* **Work to be completed**
Could you output each line below precisely as it stands, without the images?

* **Source material**

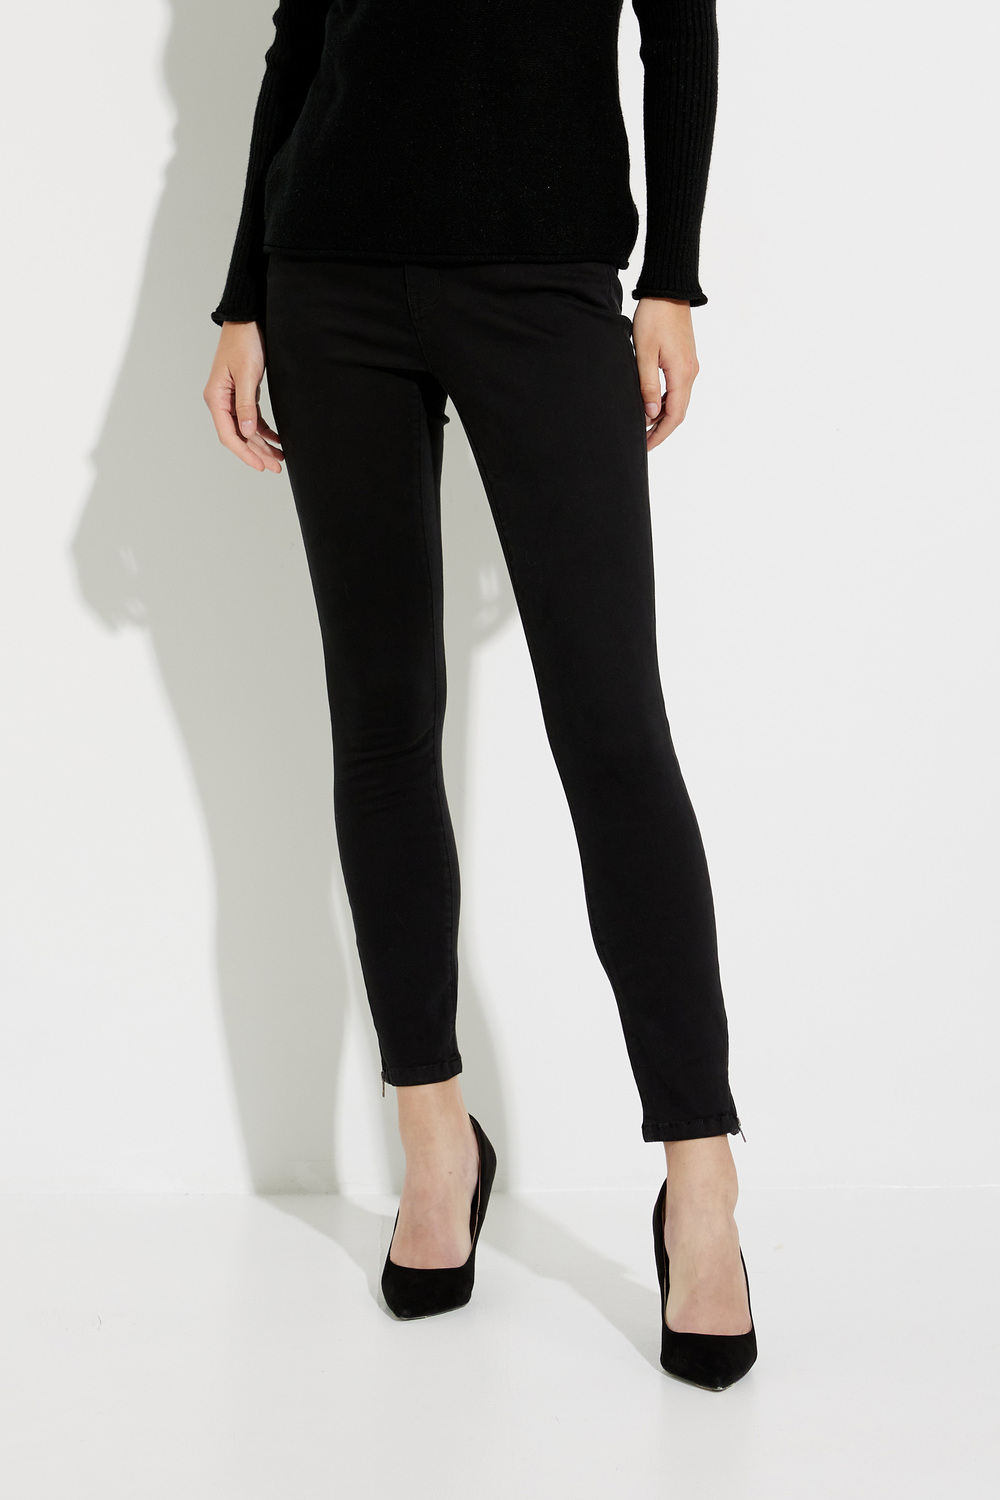 Ankle Twill Pants with Side Zipper Style C5233S. Black
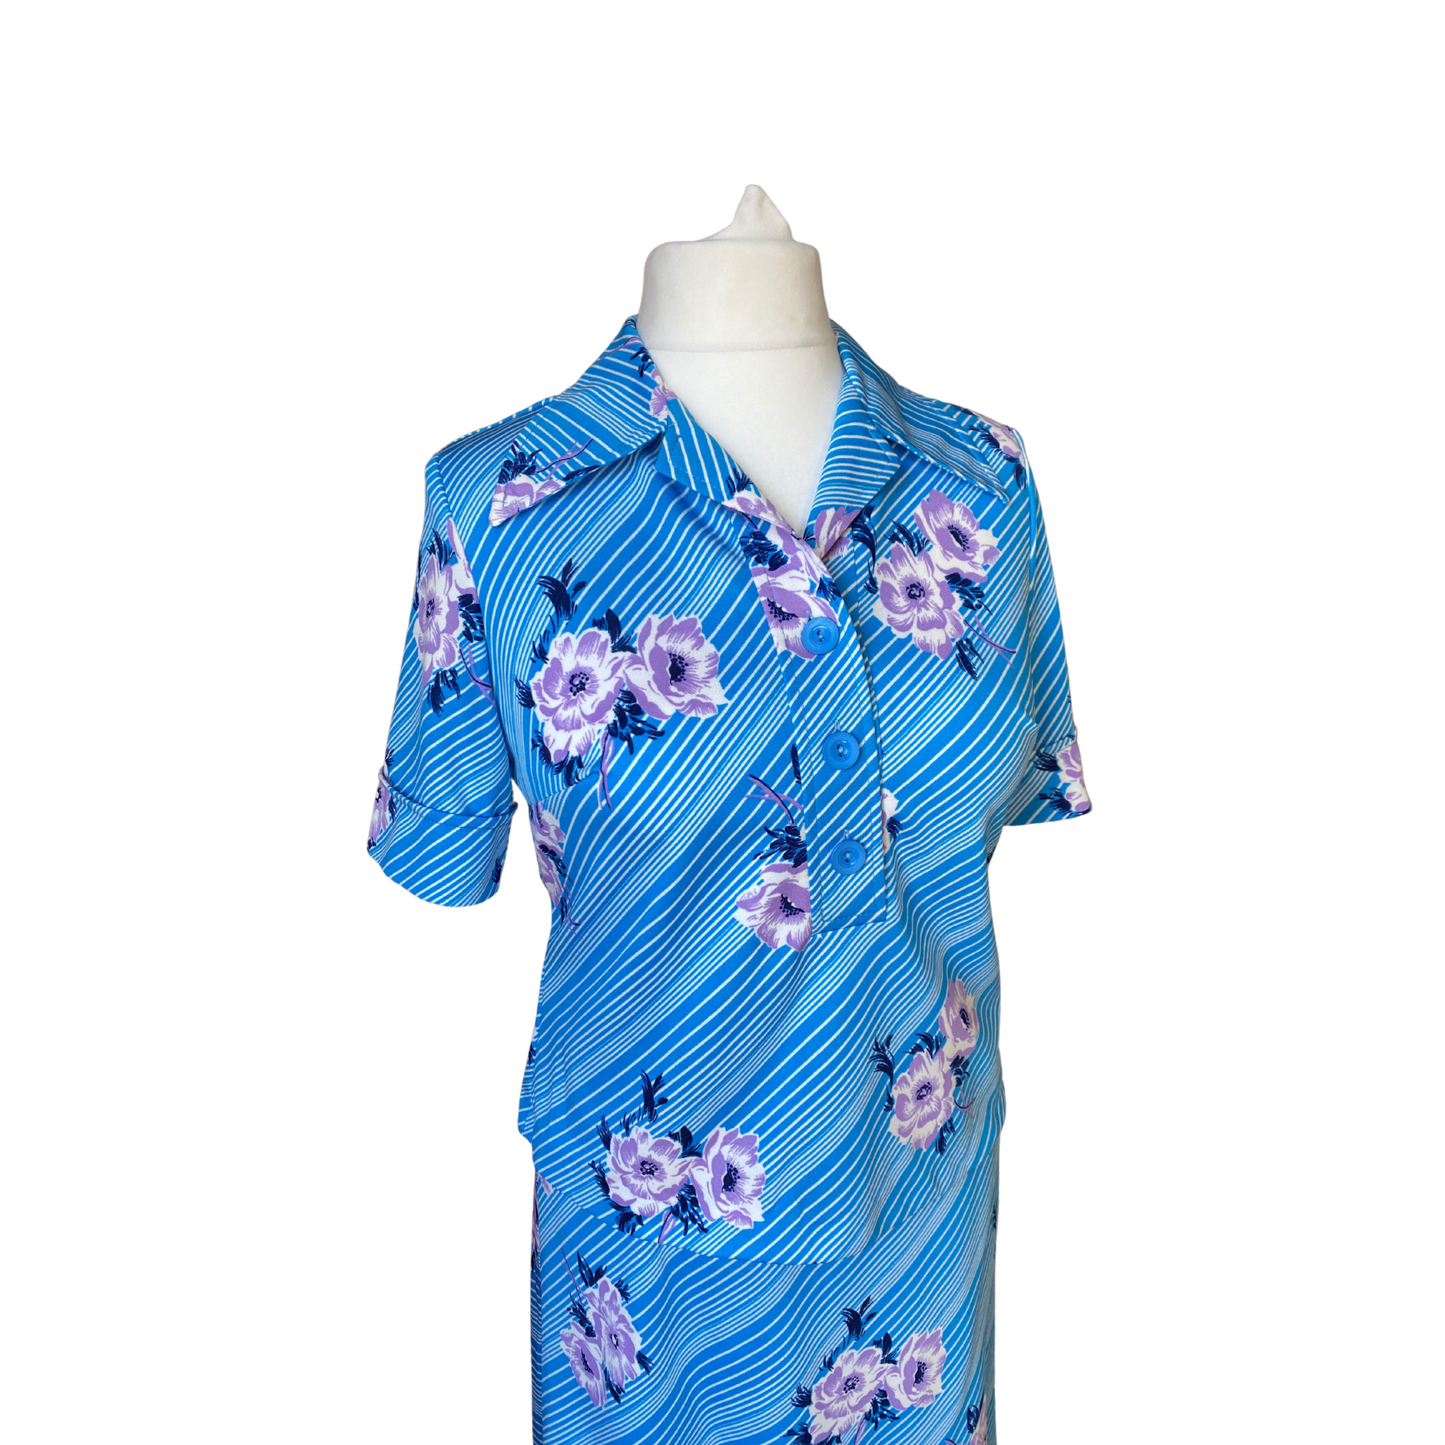 70s Hawaiian style blue and white short sleeved skirt suit /  co ord. Approx  UK size 14 -16
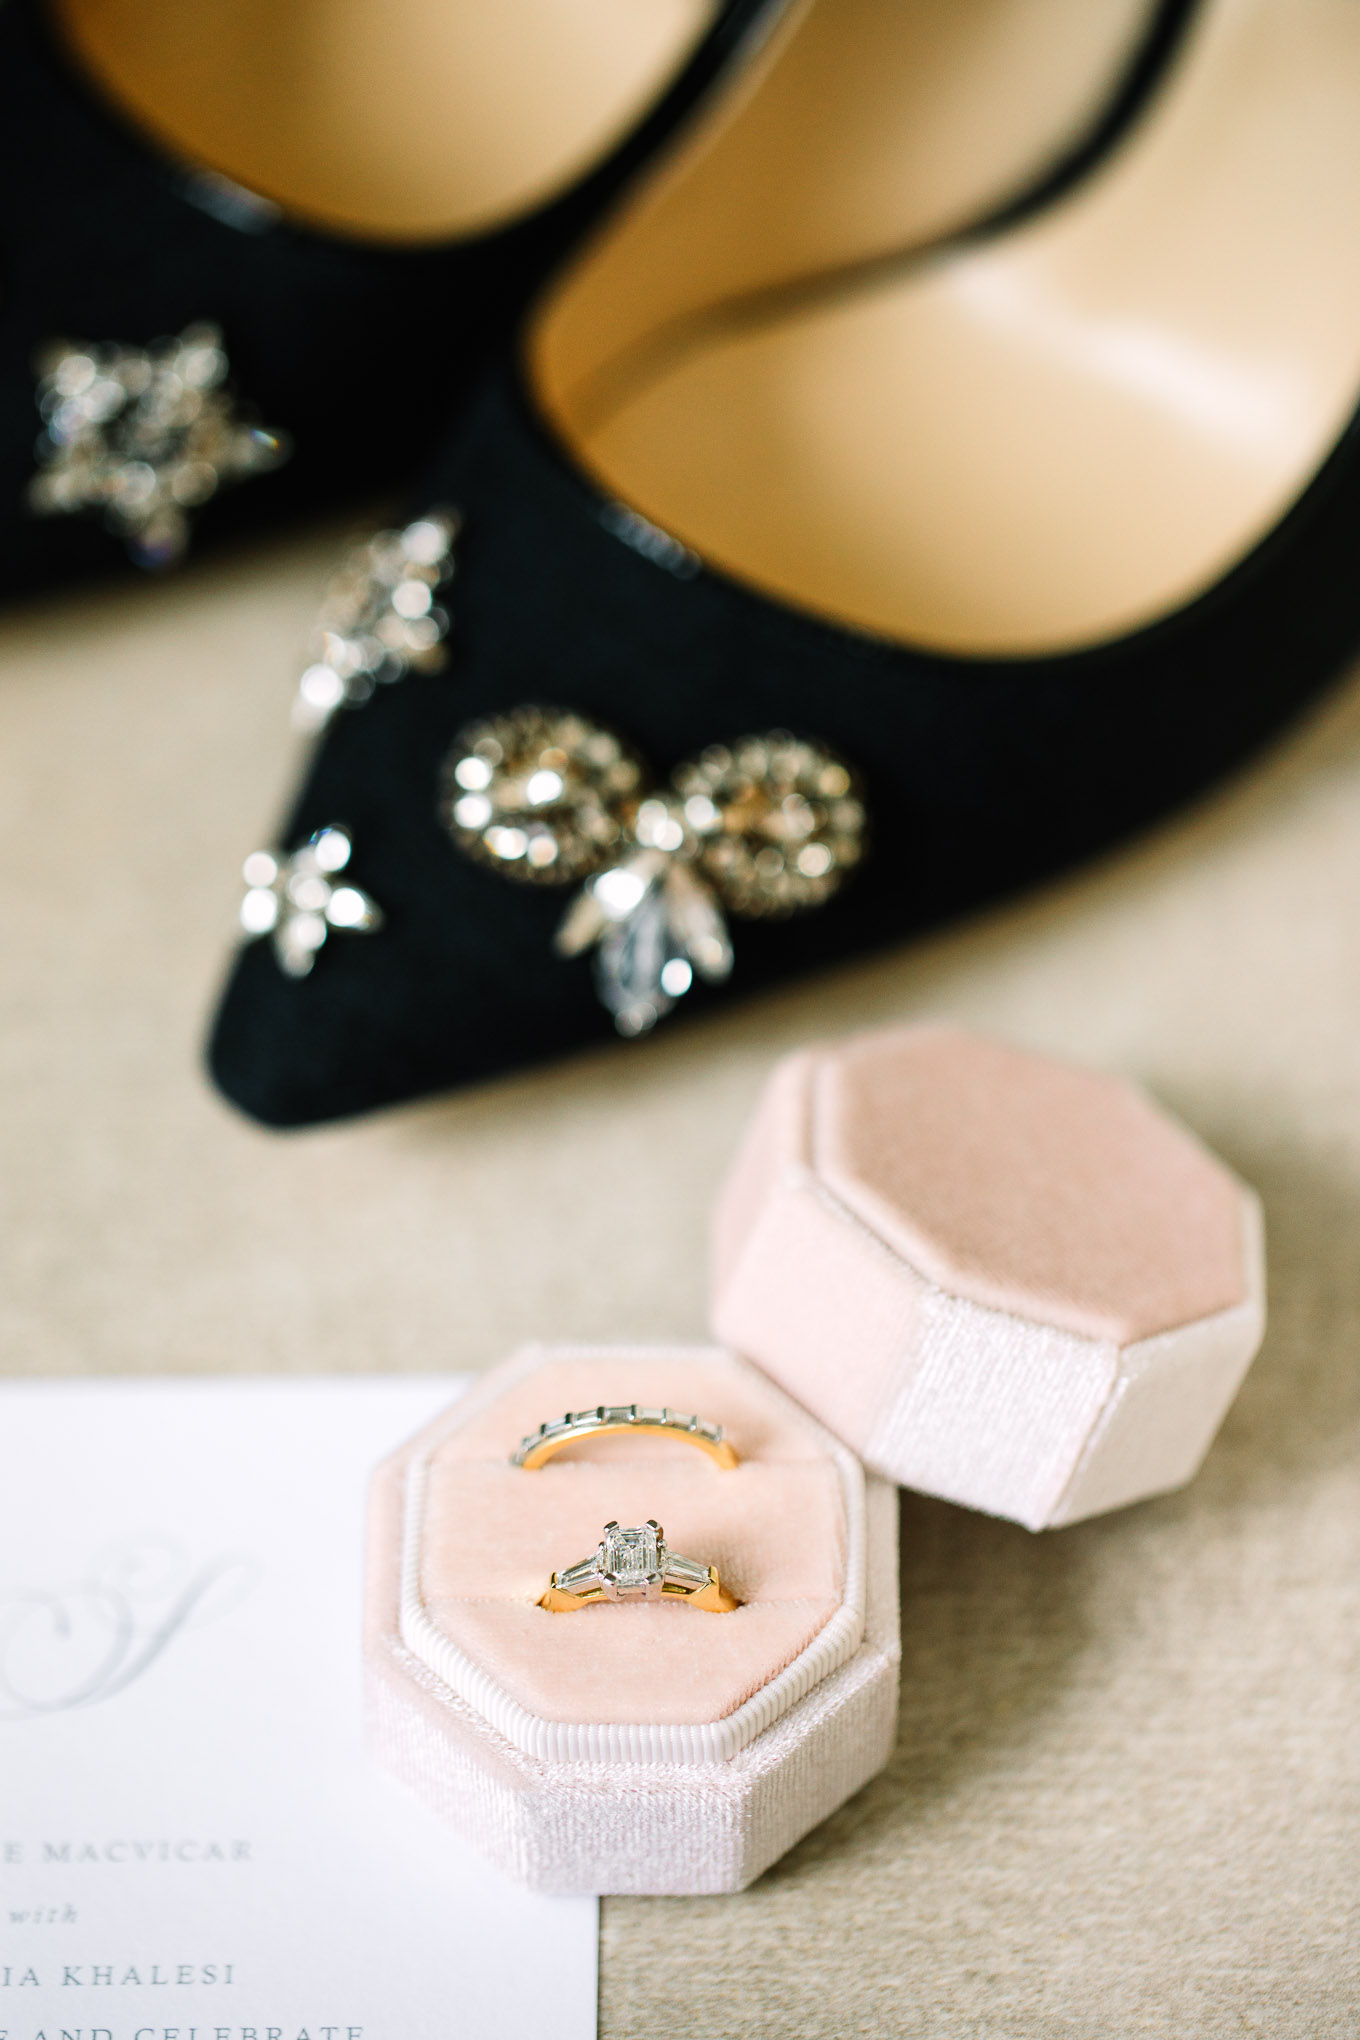 Wedding rings in pink velvet ring box with Jimmy Choo navy embellished pumps. Millbrook Resort Queenstown New Zealand wedding by Mary Costa Photography | www.marycostaweddings.com

* **Response box**
 Ankle Twill Pants with Side Zipper Style C5233S. Black
 70s Hawaiian style blue and white short sleeved skirt suit /  co ord. Approx  UK size 14 -16
 Wedding rings in pink velvet ring box with Jimmy Choo navy embellished pumps. Millbrook Resort Queenstown New Zealand wedding by Mary Costa Photography | www.marycostaweddings.com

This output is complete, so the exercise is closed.